None, or almost none, of these tens of millions who died from hunger would have died if their friends or enemies had had huge surpluses of food bursting their warehouses.
It was FOOD - bog ordinary, plain old food , that dominated WWII - from before the war, to after the war and all points in between.
Food - not Life, not Land, not Oil, not Power - dominated the war
and its decision making.
Food - in its very materialness - dominated a war and a world that had predetermined that in a Modern Age, the Mental Will dominated over a Material World.
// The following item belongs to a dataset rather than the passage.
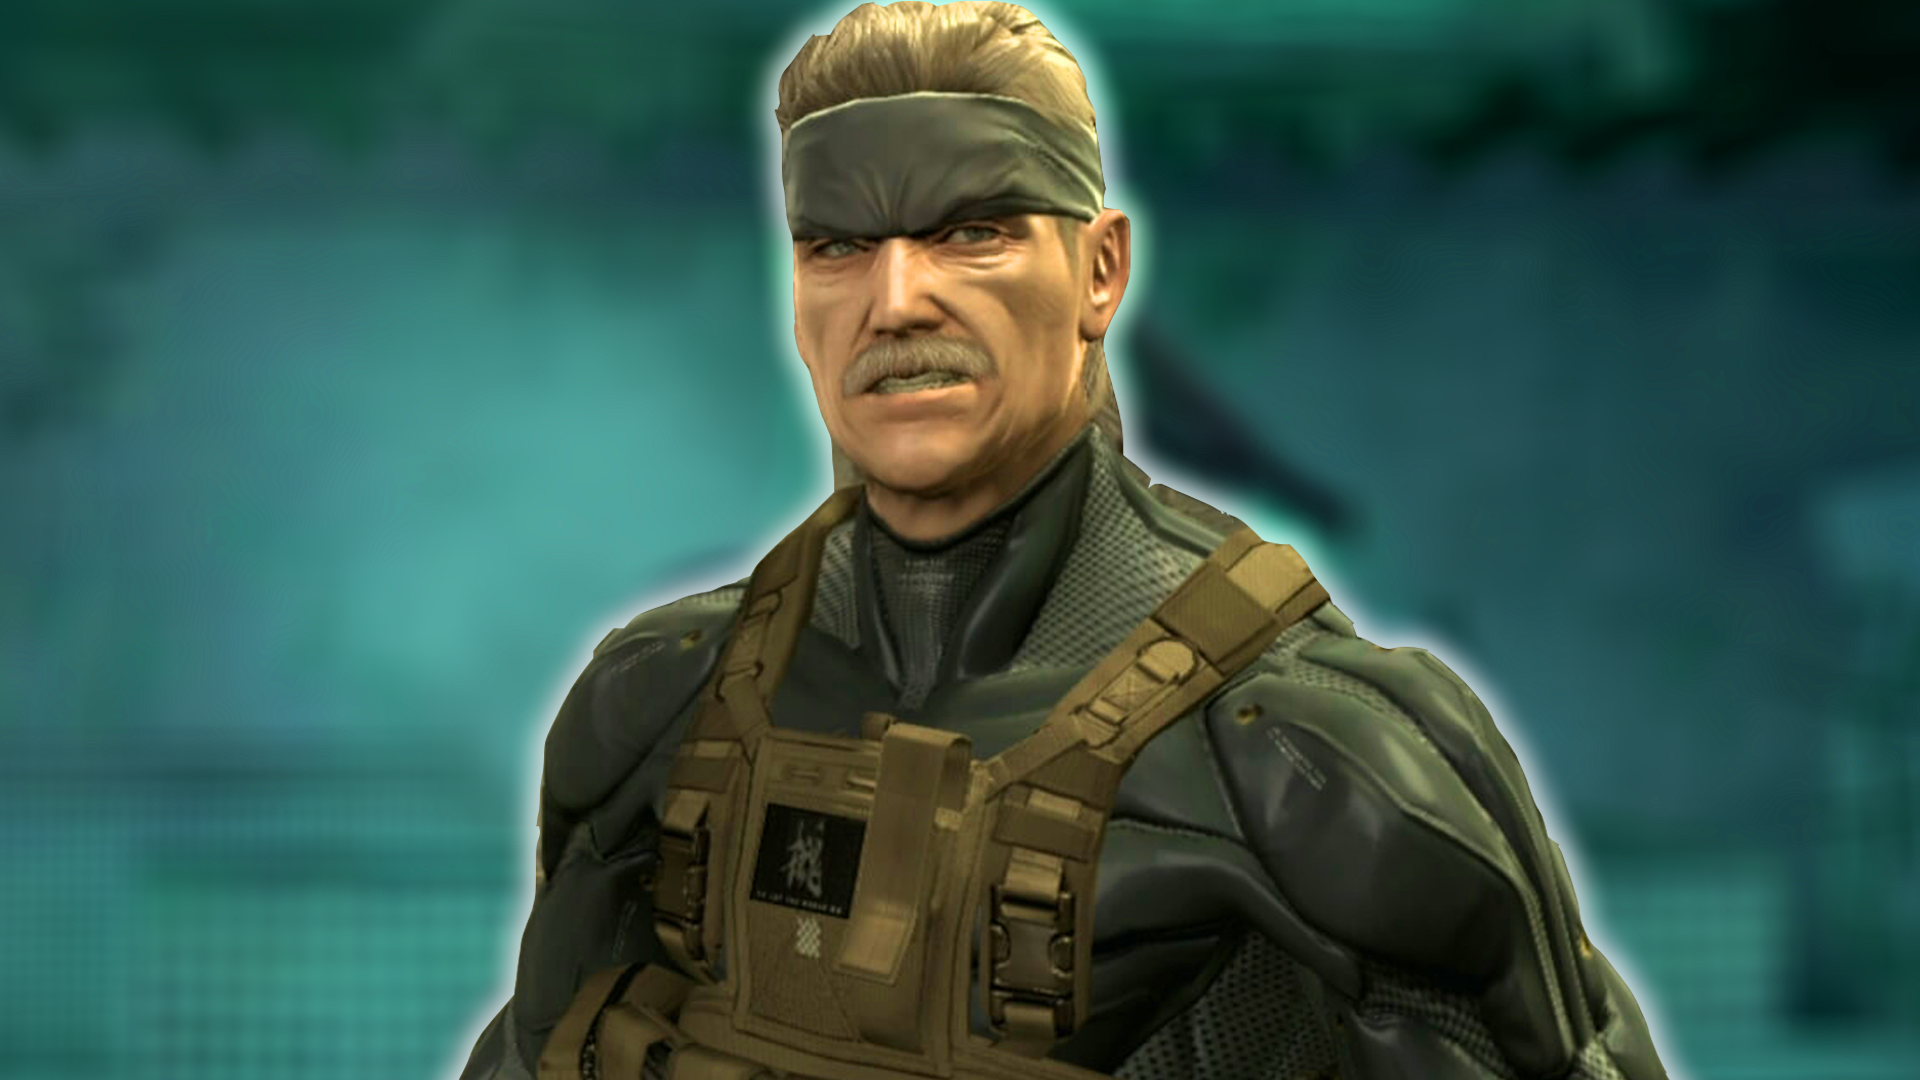 Metal Gear Solid Delta: Snake Eater ganha vídeo com gameplay

The mind was over and above and beyond the material world.
If WWII established one thing , it was that this simply wasn't so.
Mother Nature - in the form of the annual weather - casually tossed the wartime ambitions of Humanity about like they were kids' toys.
Good weather/ good harvests and millions of those intended for deliberate death might get an additional lease on miserable life.
Bad weather/ bad harvests and governments found ever more diabolical ways to export hunger onto those less powerful .
And make no mistakes, ALL governments exported hunger onto the weak : Axis, Allied and Neutrals alike.
There were foodie heroes everywhere throughout the war; heroic individuals who never fired a gun to defend their land but who nevertheless ignored government callousness and worked to feed all , weak and strong.
We should honor them but we don't - not until more women write the big books about World War Two.
By big books, I mean those books that try to see the big picture of the war ; those works of synthesis that get at those overarching
issues that rise above all the individual incidents that made up the war.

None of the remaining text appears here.